By Joshua Burd
A decades-old Mercer County shopping center is at full occupancy after new leases with a fitness chain and a new restaurant, according to brokers with R.J. Brunelli & Co.
Representing Dover Park Plaza LLC, the landlord at Dover Park Plaza in Hamilton’s Yardville section, the brokerage on Monday detailed the new commitments by Jersey Strong and Mama Dude’s. The operators are leasing 25,067 and 1,758 square feet, respectively, joining CVS Health, a pair of existing restaurants and several other longtime tenants.

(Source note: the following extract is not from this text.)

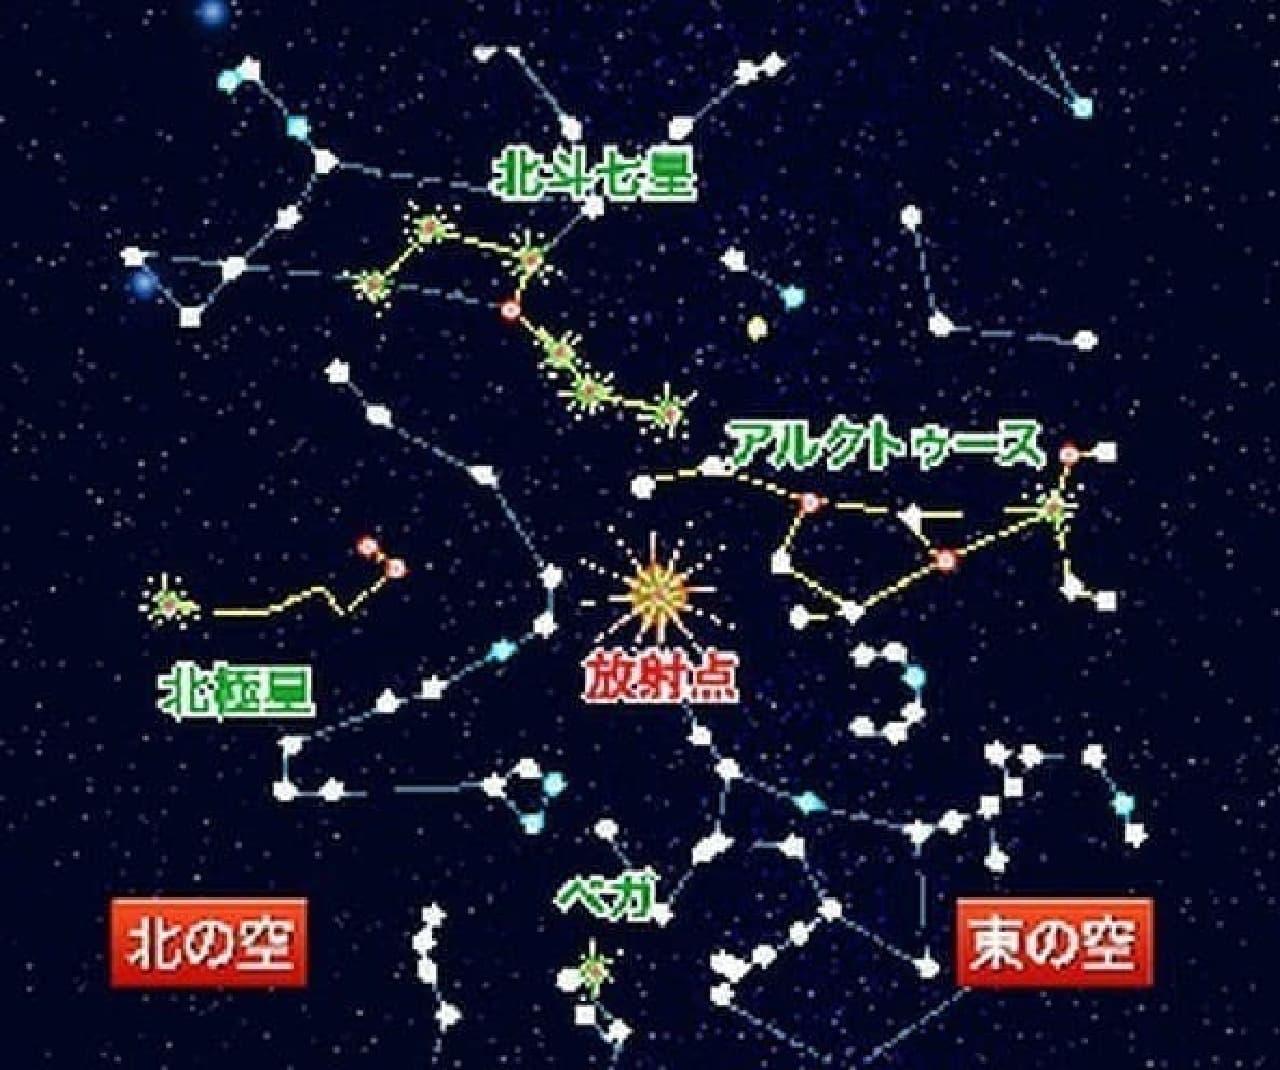 「しぶんぎ座流星群」、今夜観測ピーク!

The lease-up comes two years after ownership acquired the 58,000-square-foot complex at 1-23 Sunnybrea Blvd., which came as part of a 1031 exchange. R.J. Brunelli Sales Associate Peter Miller spearheaded the leasing effort to raise occupancy at the property from 75 percent.
In a news release, the brokerage firm noted that securing Jersey Strong included the relocation of Sun Lok Gardens, an Asian restaurant, to another space in the center. The firm also said it helped win municipal approval for the construction of a 3,500-square-foot mezzanine within the gym for yoga, Pilates and other workouts.
“To optimize the location for this statewide fitness chain, we worked with the landlord to reconfigure and combine several narrow, deep, less functional spaces with a former dollar store that served as the centerpiece for the new gym,” Miller said.
Robert Kwiatkowski, a vice president of tenant representation with R.J. Brunelli, represented Jersey Strong, while President and Principal Danielle Brunelli served as listing agent on the transaction.
Mama Dude’s, a farm-to-table concept that started as a food truck business, will use the new space as its first brick-and-mortar location.
“We pounded the pavement to find Andrew Dudich — a talented, ambitious 26-year-old chef fresh out of culinary school whose food truck business has been a huge local success,” Miller said. “His father was always known as ‘Dude,’ so people always referred to his mom, who lived in Yardville, as ‘Mama Dude.’”
Both Jersey Strong and Mama Dudes are under construction and likely to open later this year, Miller said. They are helping to revive a complex that was once anchored by an Acme supermarket, a bank, a postal service branch and other daily needs tenants before suffering declines in foot traffic and multiple store closures over the years.